I have a big structure with items and relations between the items. I need to find all transitive relations for all items. I duplicate all links and use transitive closure. E.g.:

A --- B --- C     E --- F --- G
      |
      |
      D

As a result I need to get the pairs:

A-B, A-C, A-D, B-A, B-C, B-D, C-A, C-B, C-D, D-A, D-B, D-C,
E-F, E-G, F-E, F-G, G-E, G-F

For using transitive closure I should use pairs [A-B, B-A, B-C, C-B, B-D, D-B, E-F, F-E, F-G, G-F]. It's big problem for me because the dataset is very large. The best way to solve my problem would be an algorithm, that allows get all relations using only one-side links (A-B, B-C, C-D, E-F, F-G). Are there any algorithms to get all relations for each element of the graph without duplicate links?

Juan Carlos Ramirez
  • 2,054
  • 1
  • 7
  • 22
Egor
  • 1,334
  • 8
  • 22
  • 3
    Apparently you're interested in grouping items that are mutually reachable, in other words: you're looking for the connected components of your graph, whose vertices can be grouped using sets, which should not be too expensive for you. If you frequently need to look up which component contains A, B, ..., you should probably use a [disjoint set data structure](https://en.wikipedia.org/wiki/Disjoint-set_data_structure). – Anthony Labarre Mar 12 '19 at 21:13
  • As the previous statement implies, use each of your given relations to find the connected components. Then from each component take all combinations of 2 items taken from that component. The "combinations" means that you get only one-direction: `AB` but not `BA`. Can you do both of those tasks?

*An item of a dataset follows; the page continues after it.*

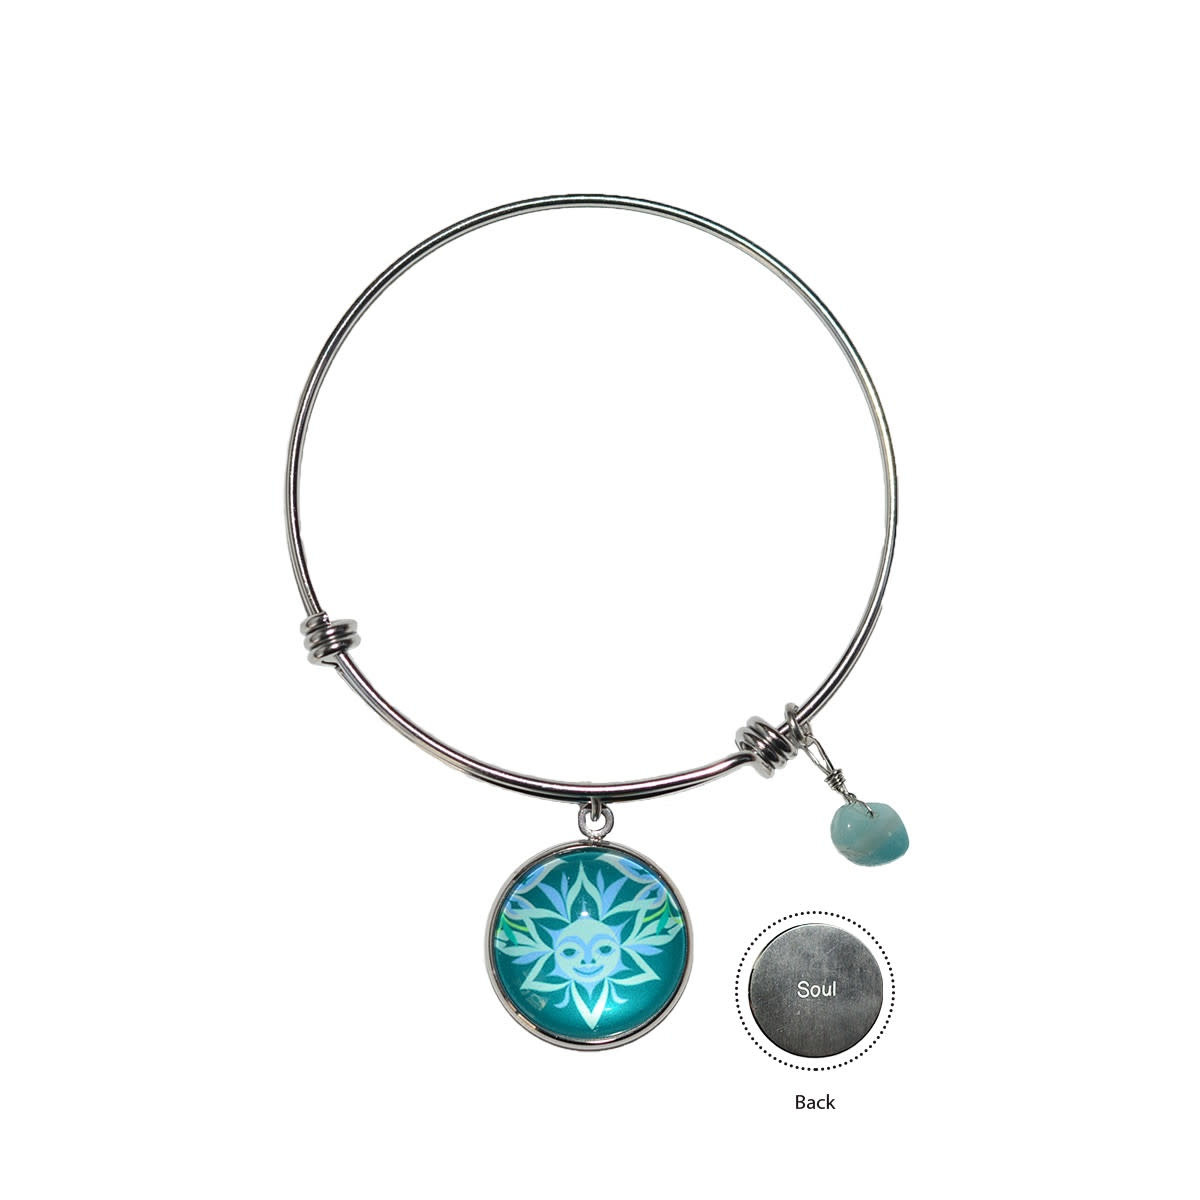 Circle Charm Bangle - Soul Blossom by Simone Diamond-1
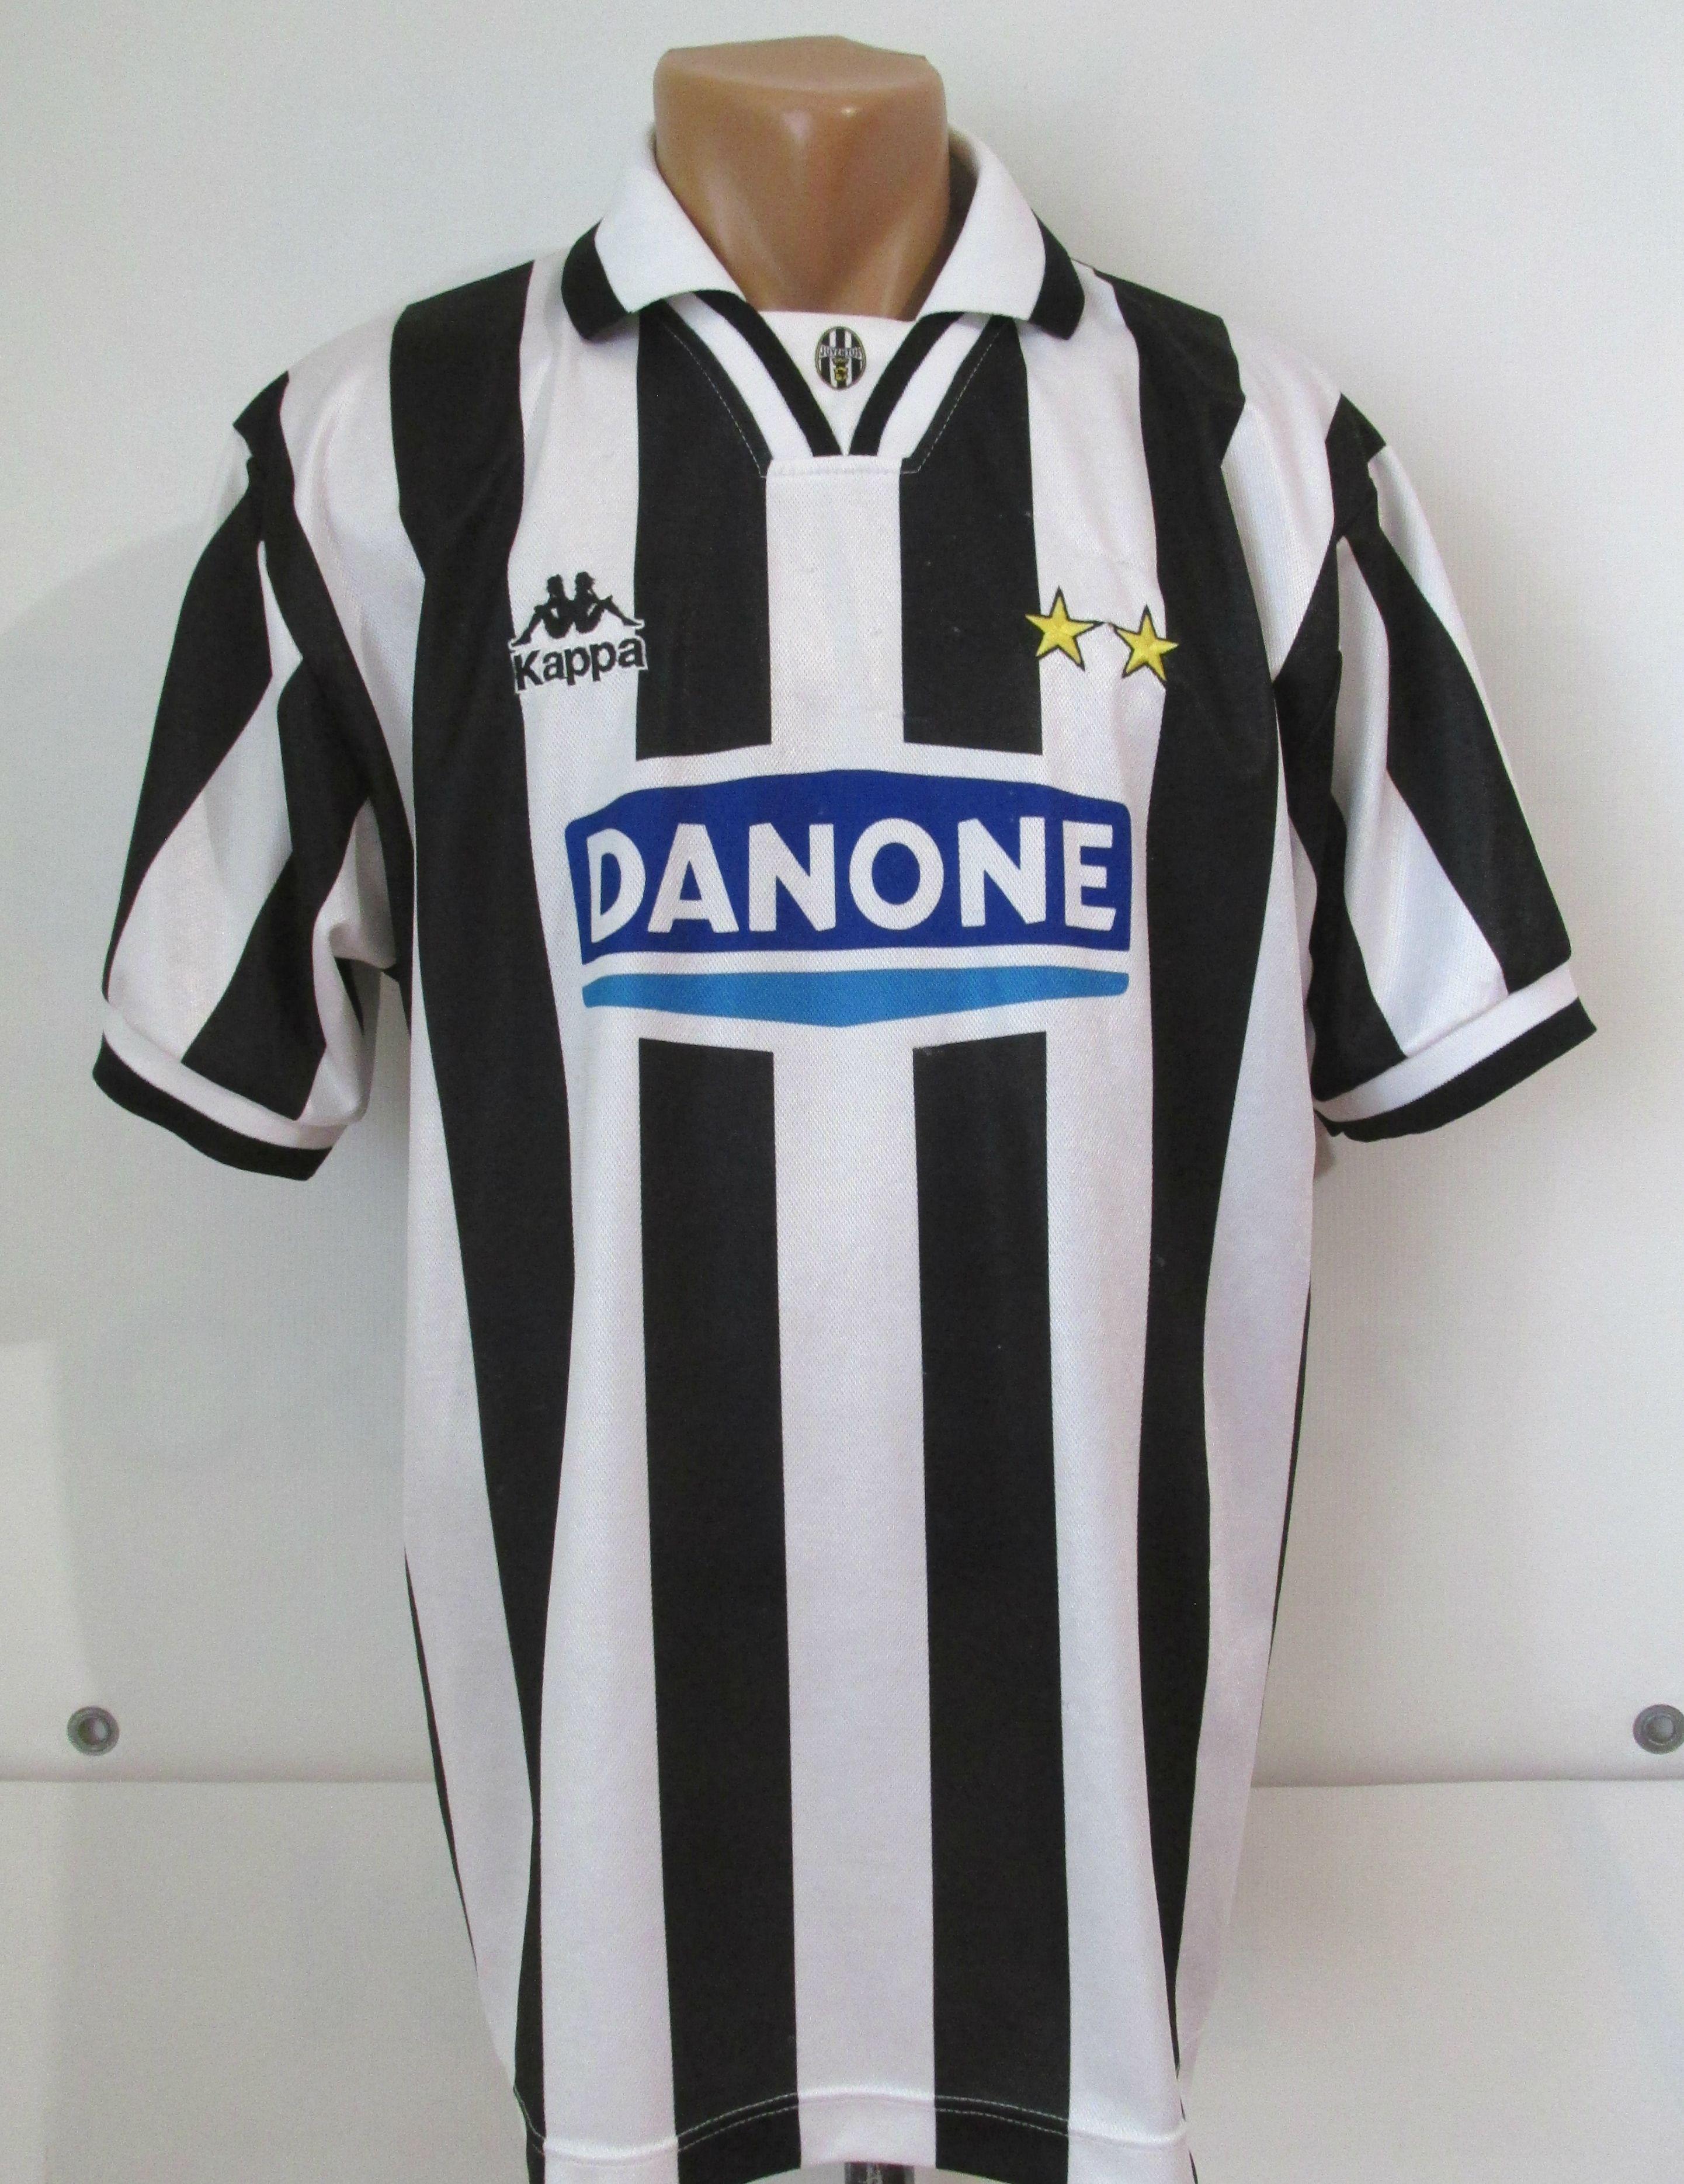 d83505b5f Juventus 1994 1995 home football shirt by Kappa Juve calcio Danjne vintage  90s retro Italy Maglia jersey soccer  Juventus  Juve  Kappa  italia  italy  ...

If not, do a web search linked to your favorite computer language. – Rory Daulton Mar 12 '19 at 22:21

1 Answers1

2

You may model this problem as a graph problem, and traverse the entire dataset you have, using either DFS(depth-first search) or BFS(breadth-first-search). During traversal, you may assign a component number to each tree in the forest of data you are investigating, and as a result, you can find all the connected components of this graph of data you have. Then for each connected compnent, you may simply form groups of 2 using its members, and use those to describe the relation. If there are odd number of elements, you can pick an already use item and link it to the last remaining one.

This obviously assumes that your goal is to find the connected components alone, and not print the relations, as you put it, in a specific manner. For instance, if you were trying to print the links so that the maximum distance between the items would be as minimal as possible, the problem becomes much more complex.

Another approach which shares the same assumption I mentioned above would be to use the method of union-find, also known as the data structure called disjoint set. You can start with N sets which have N of your items. Then, as you traverse these relations, for each relation (x, y), you unite the sets which contain the items x and y. In the end, all the connected components will be in the same set.

The first approach has O(V + E) time complexity, V and E being the number of items and relations in your data, respectively. The second approach has O(V + E . k(V)) time complexity, where k is a function called Inverse Ackermann, that increases really slowly. (i.e. even slower than logarithmic function)

ilim
  • 4,477
  • 7
  • 27
  • 46